Explain Codes LogoExplain Codes Logo

How do I combine two dataframes?

python
dataframe
pandas
data-merging
Anton ShumikhinbyAnton Shumikhin·Feb 11, 2025
TLDR

Merge DataFrames vertically or horizontally using pd.concat:

combined_vertical = pd.concat([df1, df2]) combined_horizontal = pd.concat([df1, df2], axis=1)

Join them based on a common key using pd.merge:

combined = pd.merge(df1, df2, on='key')

With pd.concat you can stack dataframes, whereas pd.merge allows you to join dataframes similarly to SQL joins. Just remember to choose the right keys for joining and decide whether to keep original index or reset them in concat.

Key techniques of Combining DataFrames

To keep original indexes after appending dataframes, you may use ignore_index parameter:

df_merged = df1.append(df2, ignore_index=False) # Original index from both dataframes is preserved. # 'Cuz we love originals, don't we? Just like Pythons love indentation!

While dealing with multiple dataframes, just wrap them into a list before concatenation:

dataframes = [df1, df2, df3] combined = pd.concat(dataframes, ignore_index=True) # Combining three dataframes - because life is better in threes!

For updating data from df2 into df1, just use the update() function:

df1.update(df2) # df1 gets a makeover, courtesy of df2!

Remember, before updating, set the corresponding index first.

Special Cases to Consider

Combining with Duplicates

Want to remove duplicates while combining? Use drop_duplicates(). Just remember, pandas won't do it by default (it's a bit lazy like us, sometimes).

combined = pd.concat([df1, df2]).drop_duplicates().reset_index(drop=True) # De-duplication: because we like to keep things neat and tidy!
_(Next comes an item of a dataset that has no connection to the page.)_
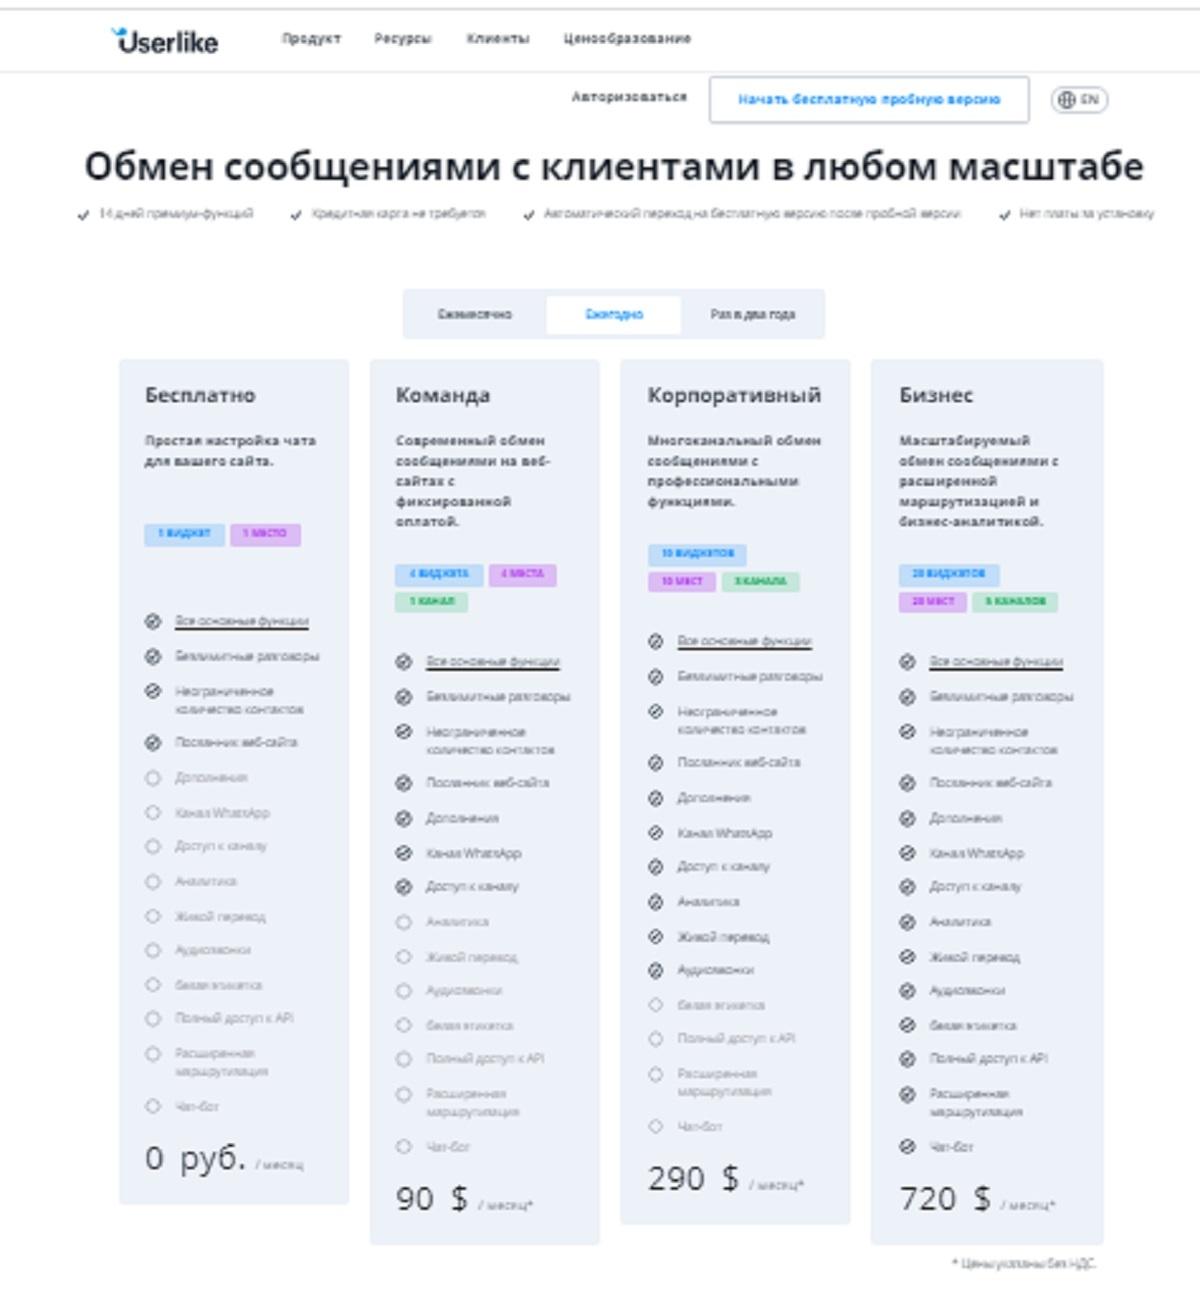 тарифы на чаты от userlike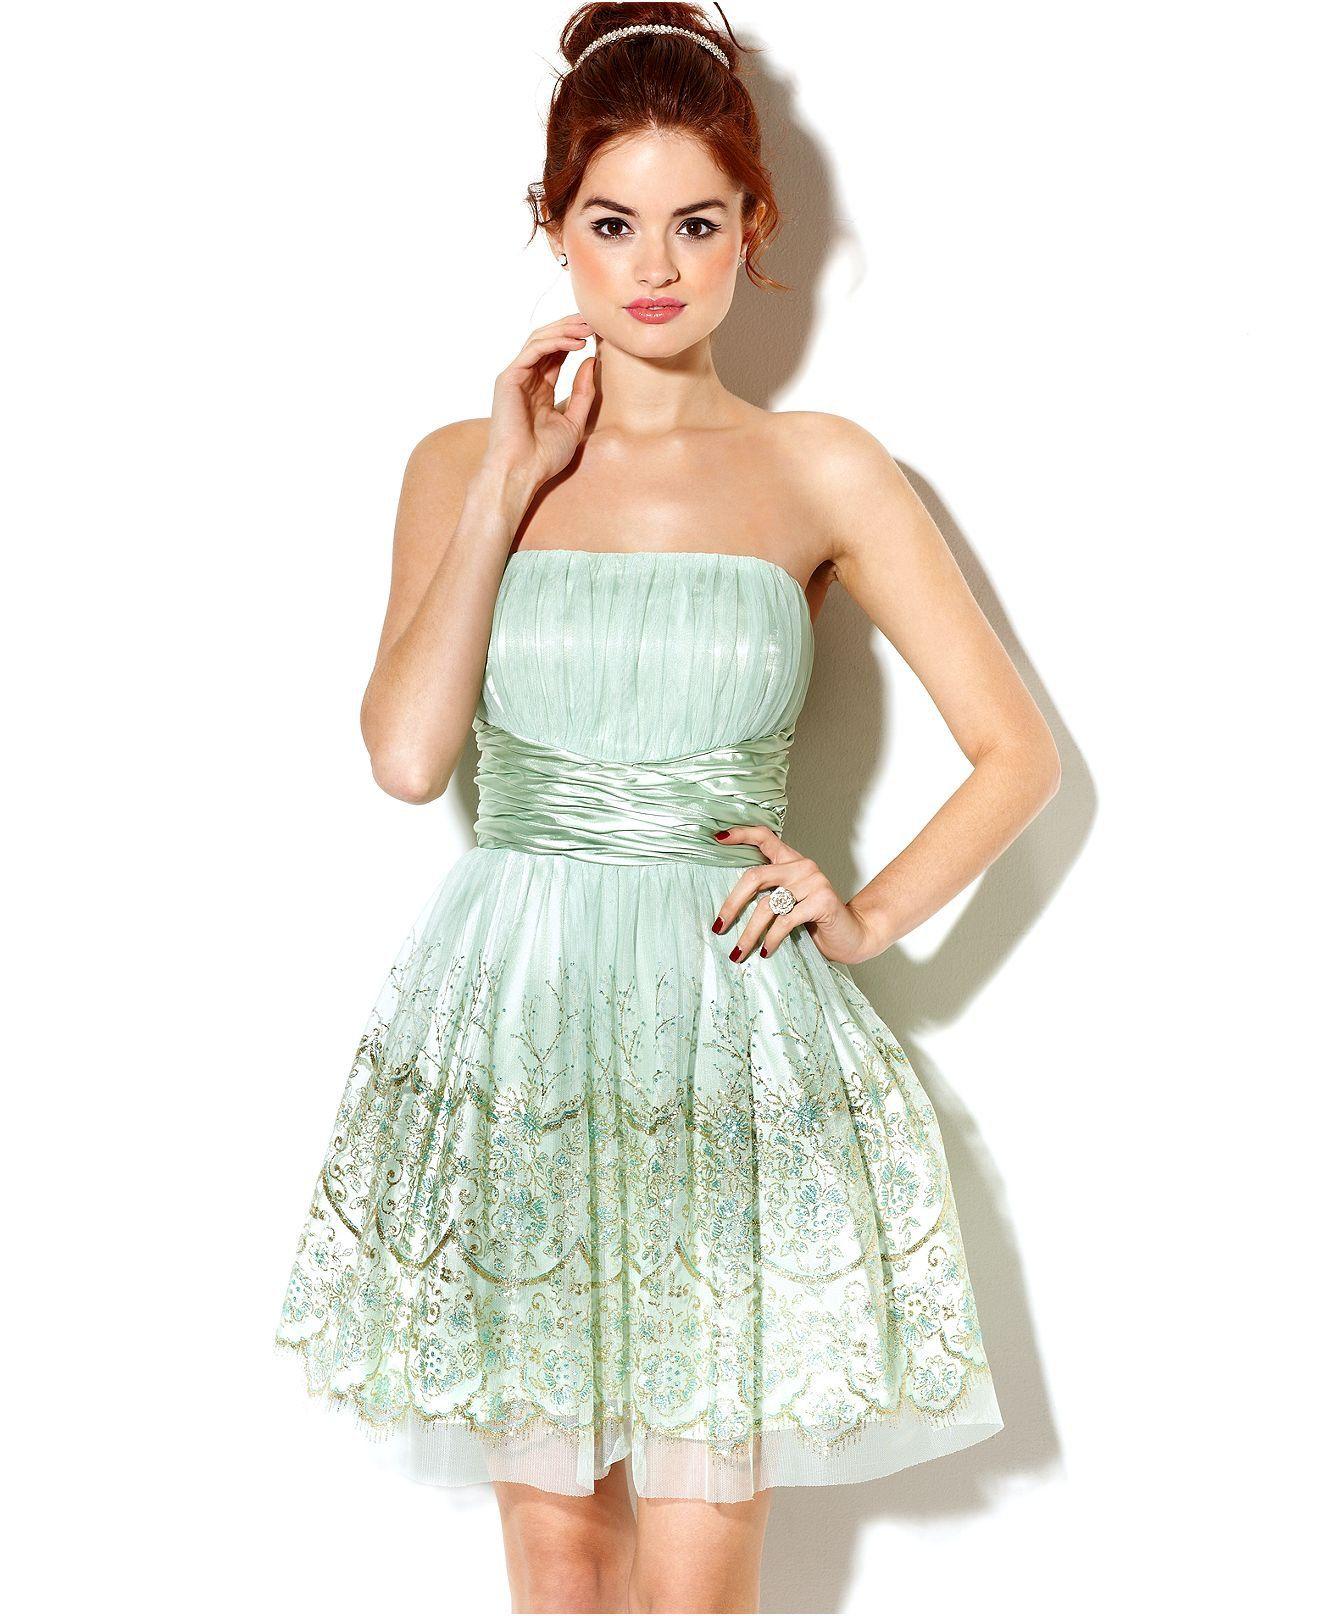 Macyus dresses dress strapless glitter aline juniors

Dealing with Overlapping Data

DataFrame got some intersecting data? Use combine_first() to fill null values with values from another DataFrame.

df_combined = df1.combine_first(df2) # Some don't like overlapping... Unless it fills in the gaps!

Merging on Multiple Keys

Joining dataframes on more than one key? Use pd.merge() and define multiple keys:

combined = pd.merge(df1, df2, left_on=['key1', 'key2'], right_on=['key3', 'key4'], how='inner') # Because two keys are better than one... usually!